* THE TASK *
Copy word for word the lines in the records below, starting at the line with "Football Party Supplies" and ending at the line with "Contract workers from". Skip the pictures.

* RECORDS *
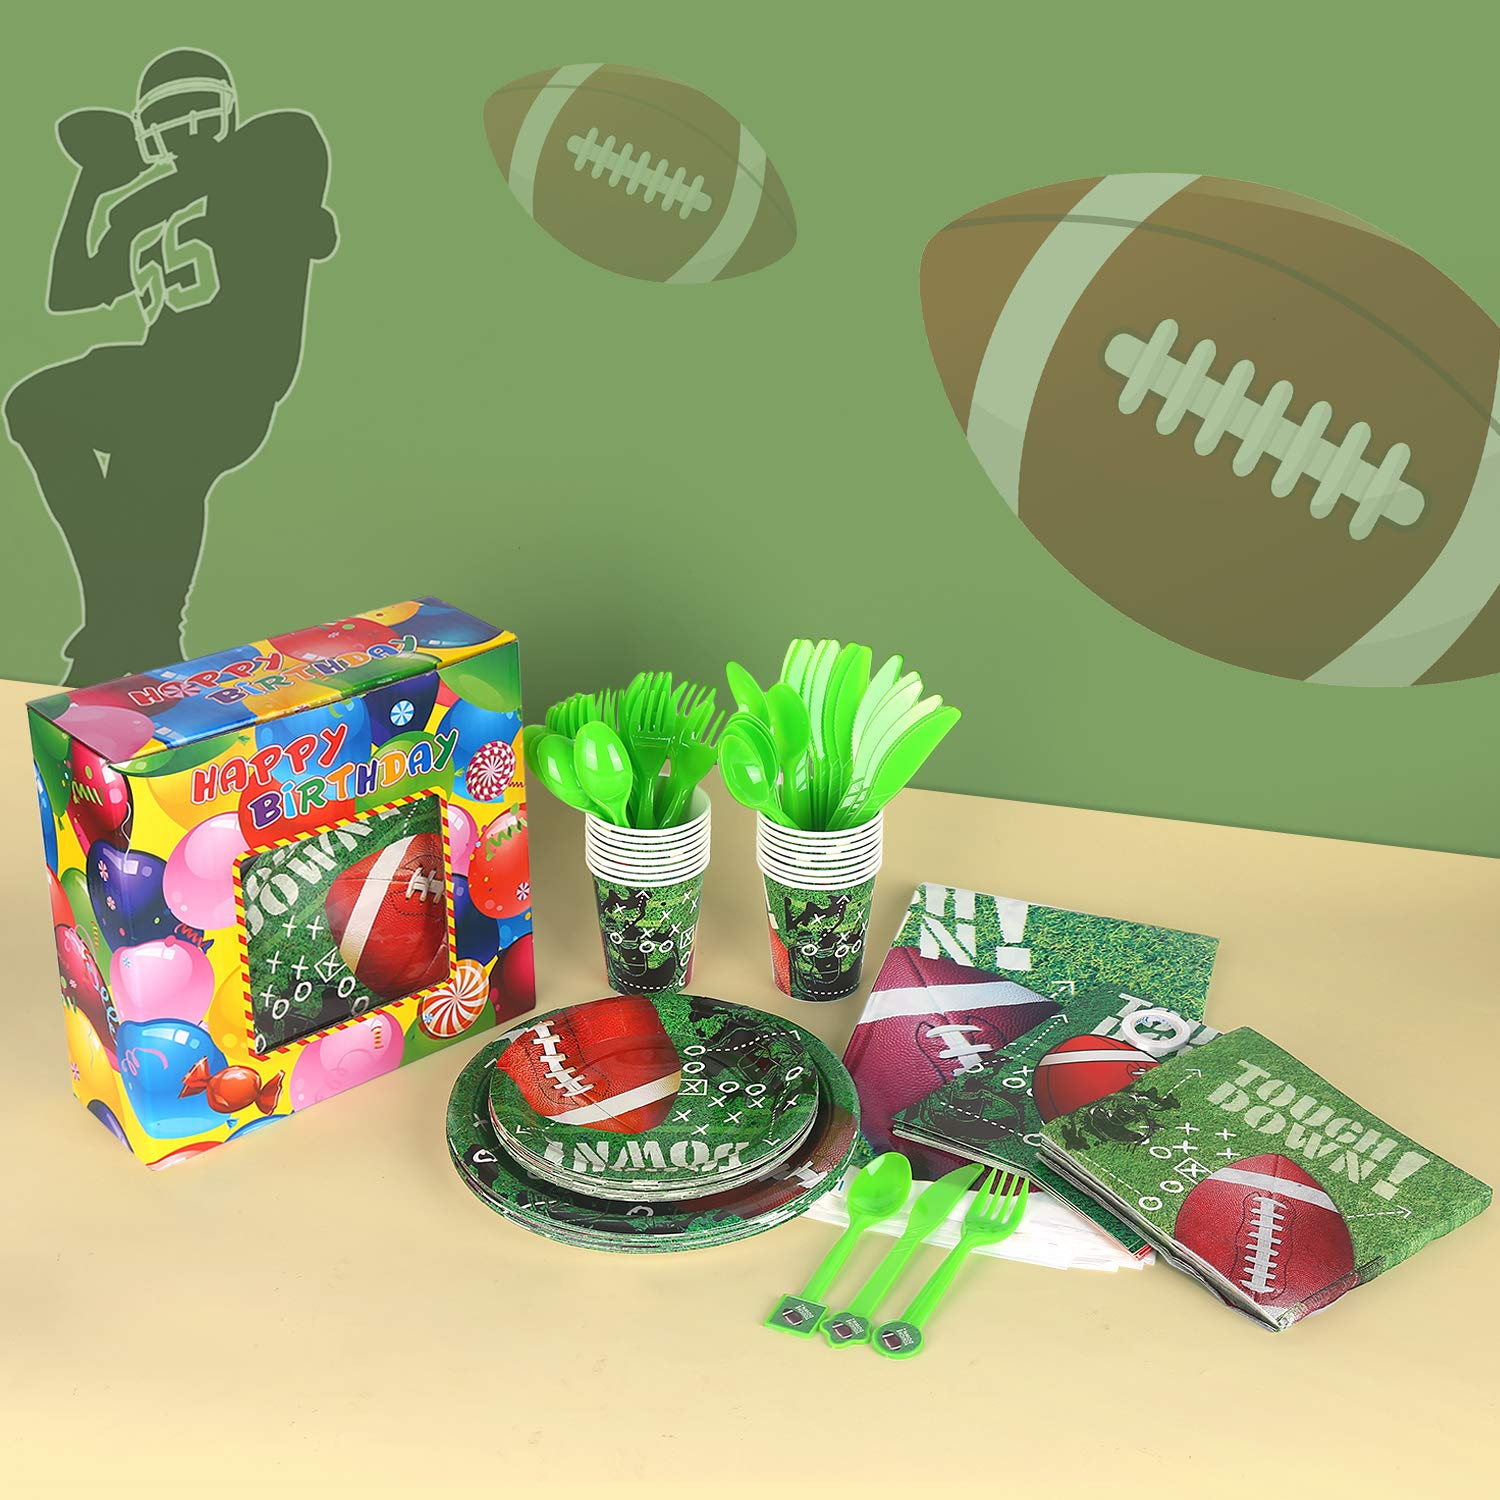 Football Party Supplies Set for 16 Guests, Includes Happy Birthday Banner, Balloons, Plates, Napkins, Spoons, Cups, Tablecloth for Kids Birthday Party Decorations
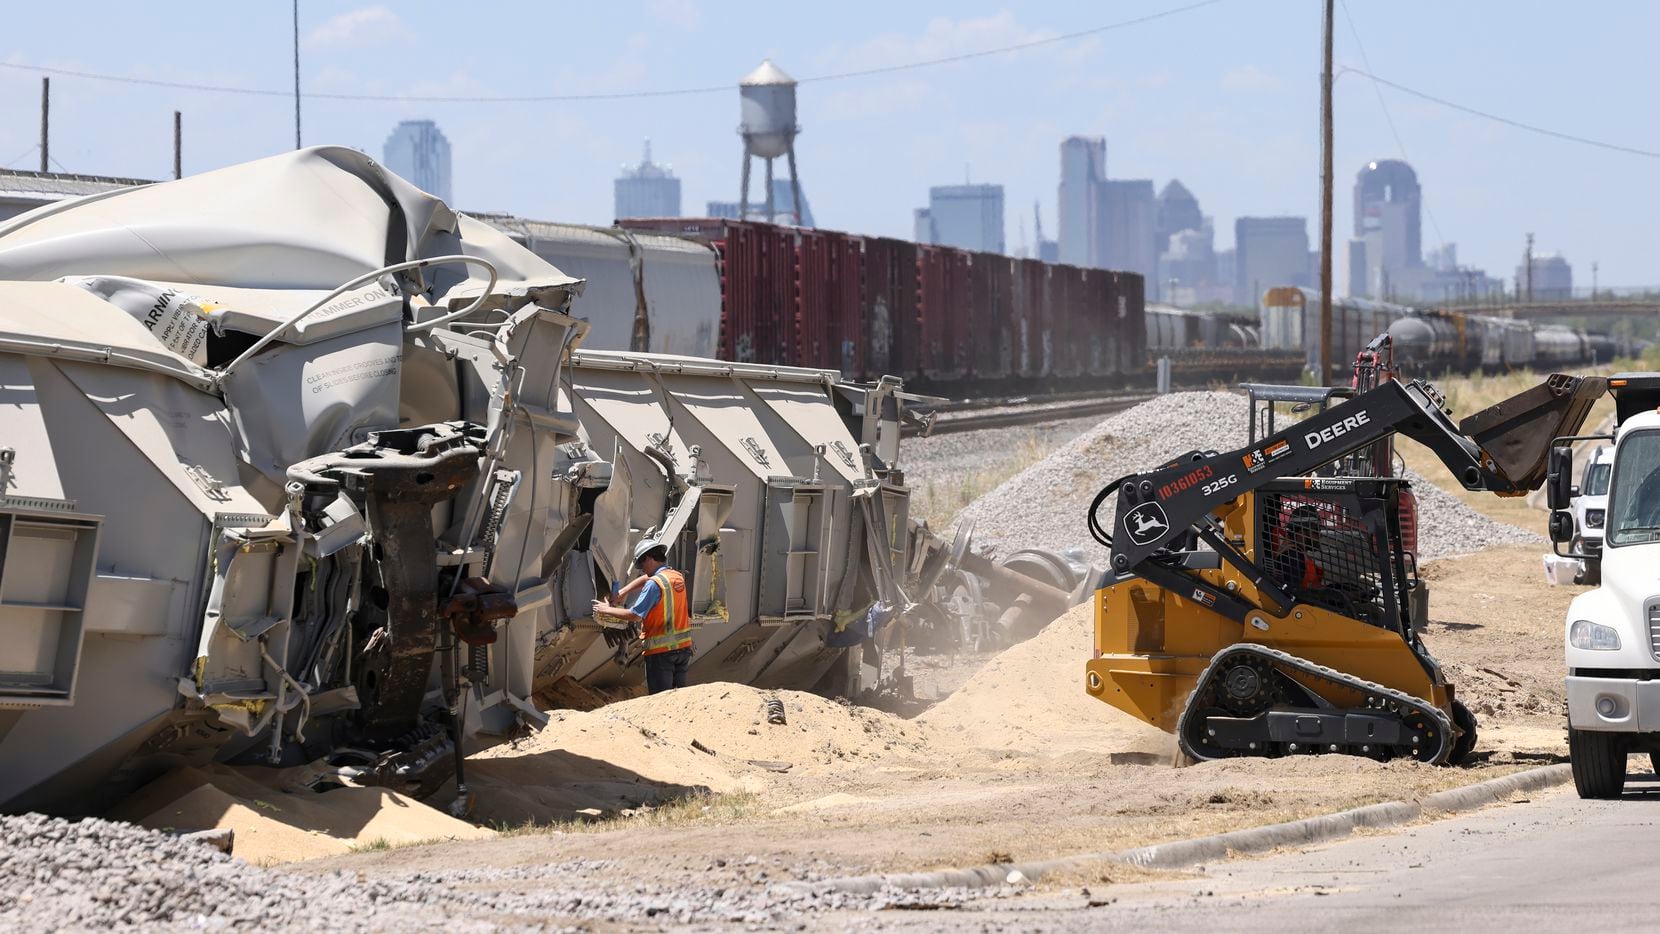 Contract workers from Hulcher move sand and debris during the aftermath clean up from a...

* * *

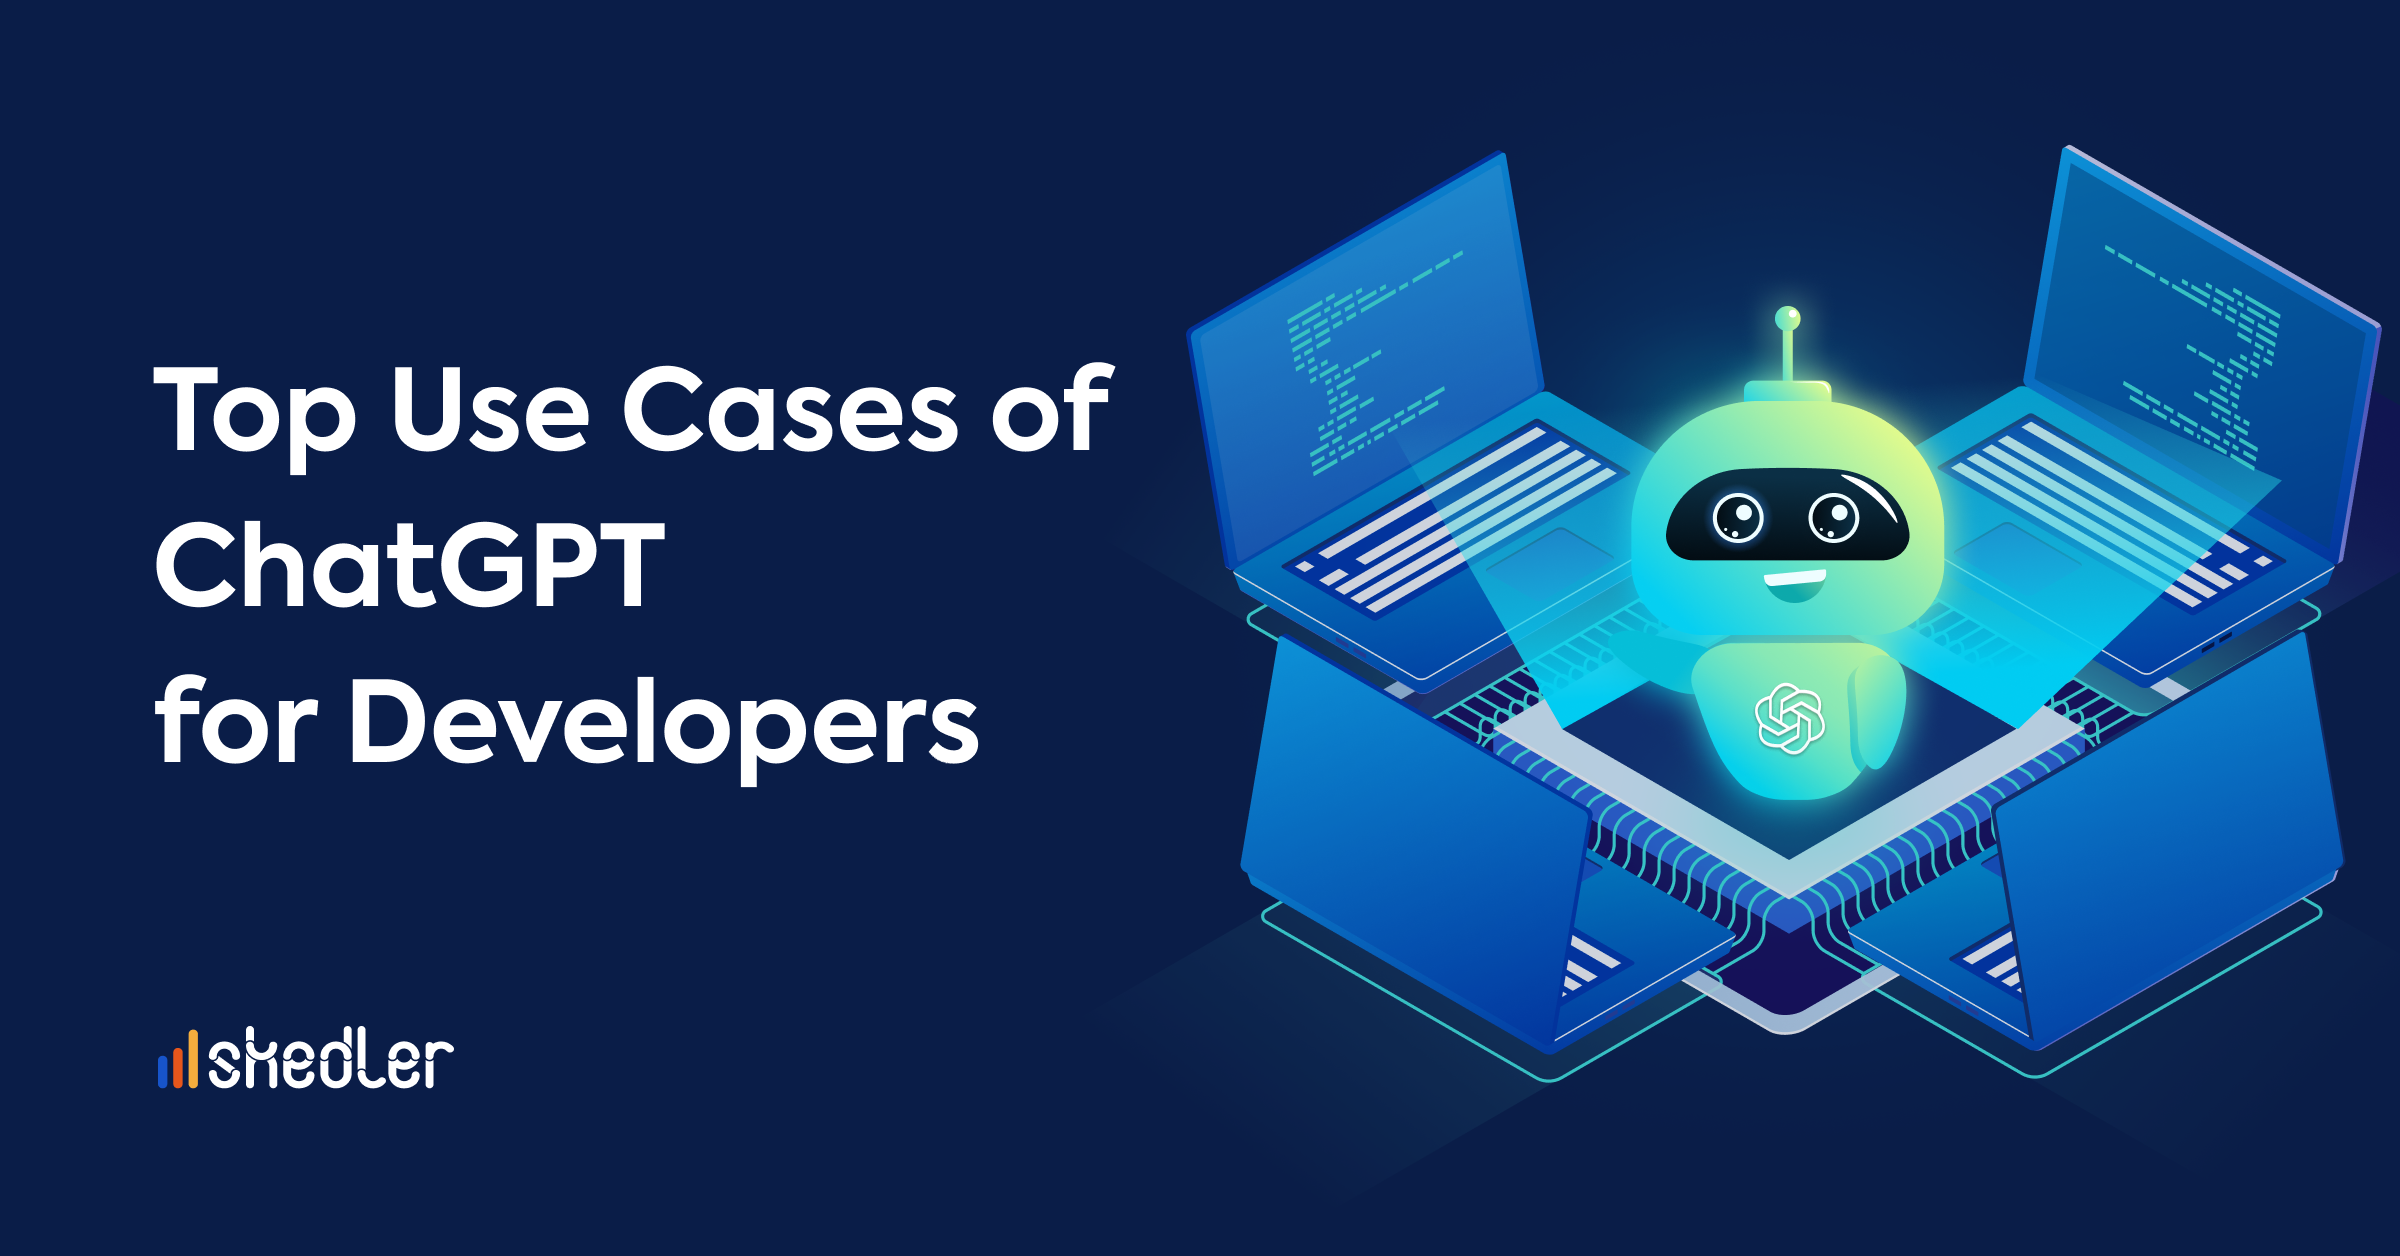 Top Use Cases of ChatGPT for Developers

* WRITTEN ANSWER *
 Football Party Supplies Set for 16 Guests, Includes Happy Birthday Banner, Balloons, Plates, Napkins, Spoons, Cups, Tablecloth for Kids Birthday Party Decorations
 Contract workers from Hulcher move sand and debris during the aftermath clean up from a...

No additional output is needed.